ASP.Net Ajax, Performance and Race Conditions, Oh MY!
I have just tracked down the Nthbug in my application that I can blame ASP.Net Ajax for. To be rather exact, I can blame ASP.Net Ajax performance, and to be absolutely clear, I am talking about initialization performance.
The main issue is that I keep running into is that it takes human noticable time for the extended behaviors to be set on the page. By human noticable time I means over a second. The immediate result is that users are able to interact with the page in unexpected ways. Leading to all sorts of reported bugs that are plain impossible to reproduce unless you are aware of it.

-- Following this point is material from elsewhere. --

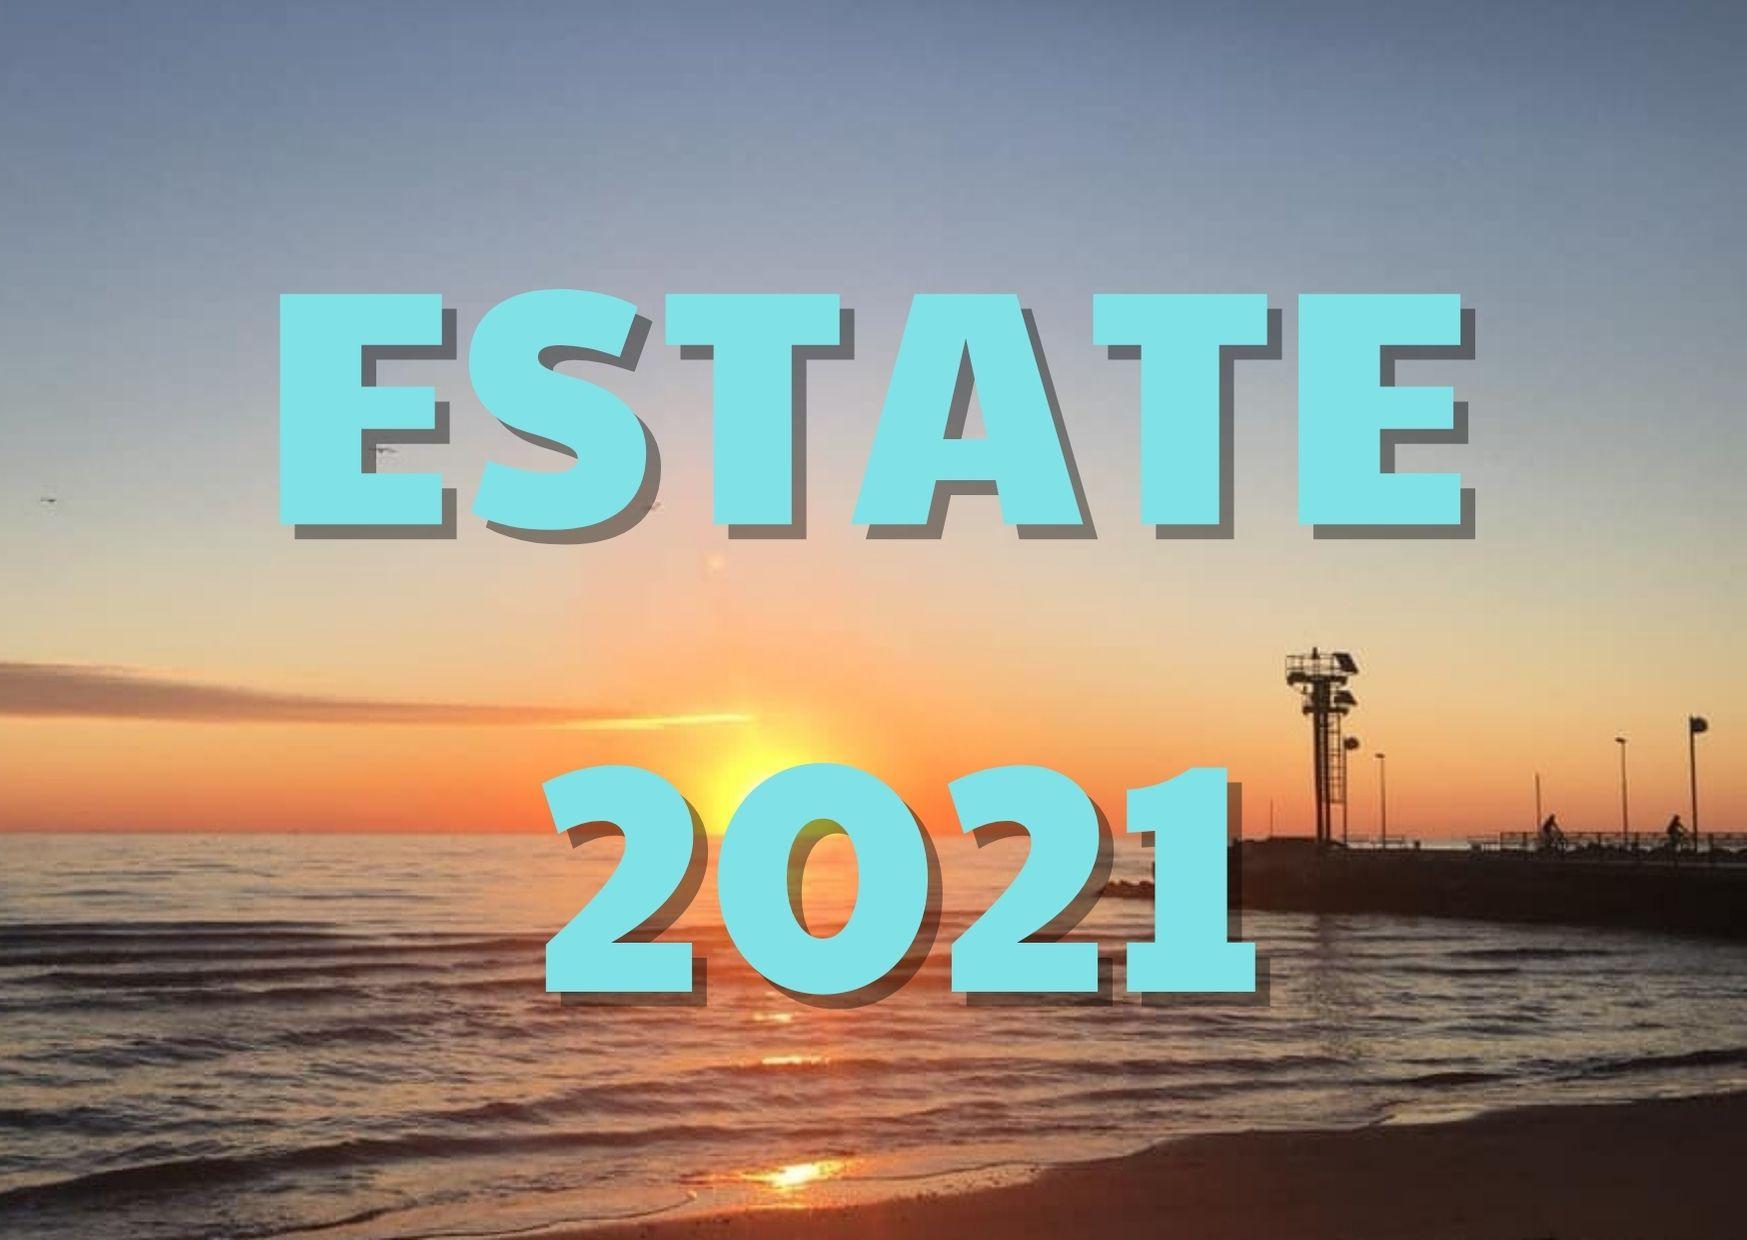 Estate 2021, le regole per spostarsi in libertà

Case in point, I have a link that point to a page, and on that link, I have defined the ModalPopupExtender. In the popup, the user is expected to fill some values, after which it will post to the next page. Imagine my surprise when I get a bug report saying that the next page showing an error about missing details. I tested it, the QA tested it, everything seemed to work, but the bug kept popping up every now and then.
It took a while to understand that the key difference was how soon the link was pressed after the page was loaded. The QA saying "and now I am going to press this link" was usually just enough for ASP.Net Ajax to initialize itself correctly.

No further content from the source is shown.